92016Sep

J’ai peur d’aimer

J’ai peur d’aimer

Article de Christophe André / Psychiatre et psychothérapeute / Psychologie Magazine

Je n’ai jamais aimé.

J’ai peur d’aimer, je ne sais même plus si j’en suis capable…

Je me dis qu’il faut se lancer, oser, quitte à accepter de courir le risque d’en souffrir. Mais je me sens tellement enfermée en moi-même, comme prisonnière, dans un sens, que je ne sais même pas comment m’y prendre.

Oser, mais oser quoi ? Se lancer, mais vers quoi ? Si j’attends d’avoir réglé tous mes problèmes de confiance en moi et autres banalités douloureuses, j’y serais encore à 50 ans… Envolée, 25 ans

Effectivement, nous ne pouvons pas attendre d’avoir réglé tous nos problèmes pour nous décider à agir. D’ailleurs, ça n’existe pas, « avoir réglé tous ses problèmes » ! Ce qui existe, c’est d’agir malgré eux, de les laisser à leur place, sans renoncer à les améliorer, mais sans renoncer à exister malgré eux. Ils sont comme des invités indésirables à une fête : on annule la fête, ou on s’amuse malgré tout, même s’ils sont là dans un coin ?
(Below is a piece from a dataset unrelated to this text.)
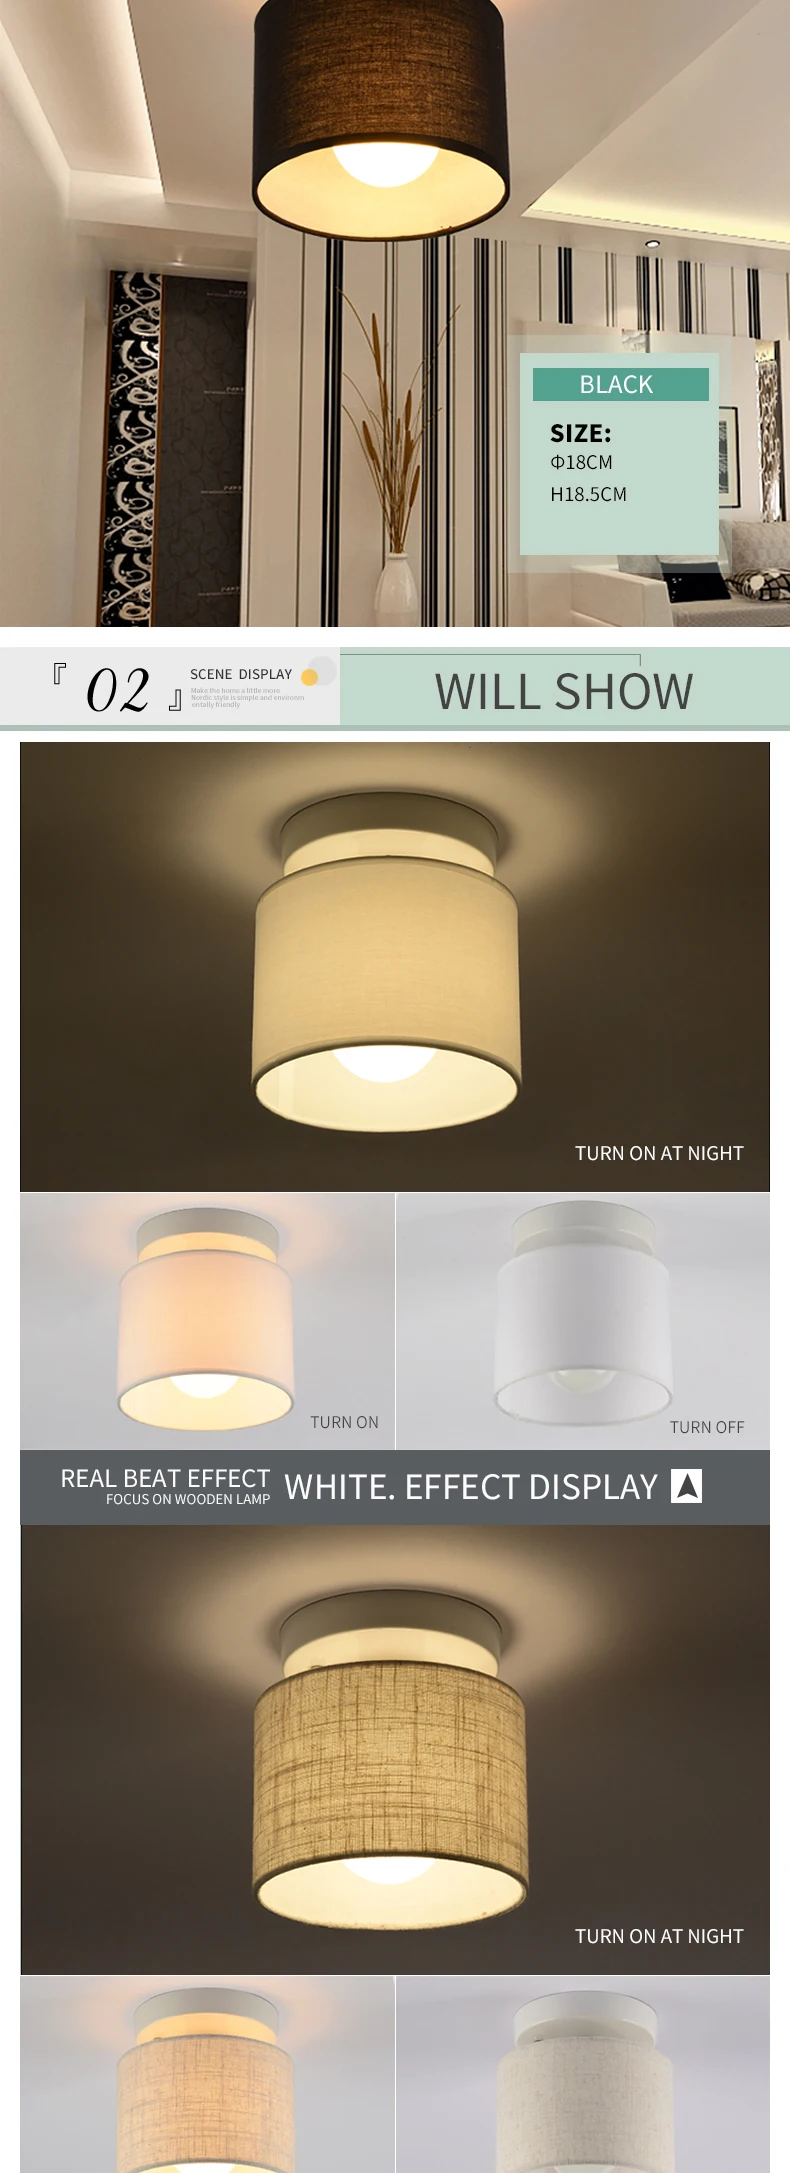 AIBIOU простой светодиодный потолочный светильник современный круглый потолочный светильник для коридора, кухни, светящаяся рамка для ткани, спальни, осветительные приборы

Lorsqu’on ne sait plus très bien vers quoi tourner ses efforts, comme cela semble être votre cas, ce n’est pas qu’il n’y a plus d’efforts à faire ni d’objectifs à atteindre, mais c’est qu’on est trop isolé dans sa réflexion : pourquoi ne pas parler de ces questions avec quelques proches, en leur demandant de vous aider à réfléchir ? Que vous conseilleraient-ils, quelles erreurs vous voient-ils faire sans oser vous en parler ? Et si cela ne suffit pas, c’est un travail qu’il est possible de faire avec un thérapeute qui accepte cette dimension interactive (pas seulement vous écouter et vous aider à voir clair, mais aussi vous questionner, suggérer, bousculer).

En matière de difficultés avec l’amour, nous recommandons souvent d’élargir le champ, comme disent les photographes :

  • ne pas seulement se focaliser sur le lien amoureux, mais repenser tous nos autres liens
  • Voir comment nous nous engageons dans l’amitié, le bénévolat, les liens superficiels (voisins, collègues de travail, commerçants),
  • quel regard nous portons sur le genre humain en général.
  • Sommes-nous capables de ne rien attendre d’immédiat que le plaisir de l’échange ?
  • De donner sans attente de retour immédiat ?

Quant au risque de souffrir, il paraît impossible à éviter. Vivre et agir, c’est s’exposer à souffrir, nous le savons tous.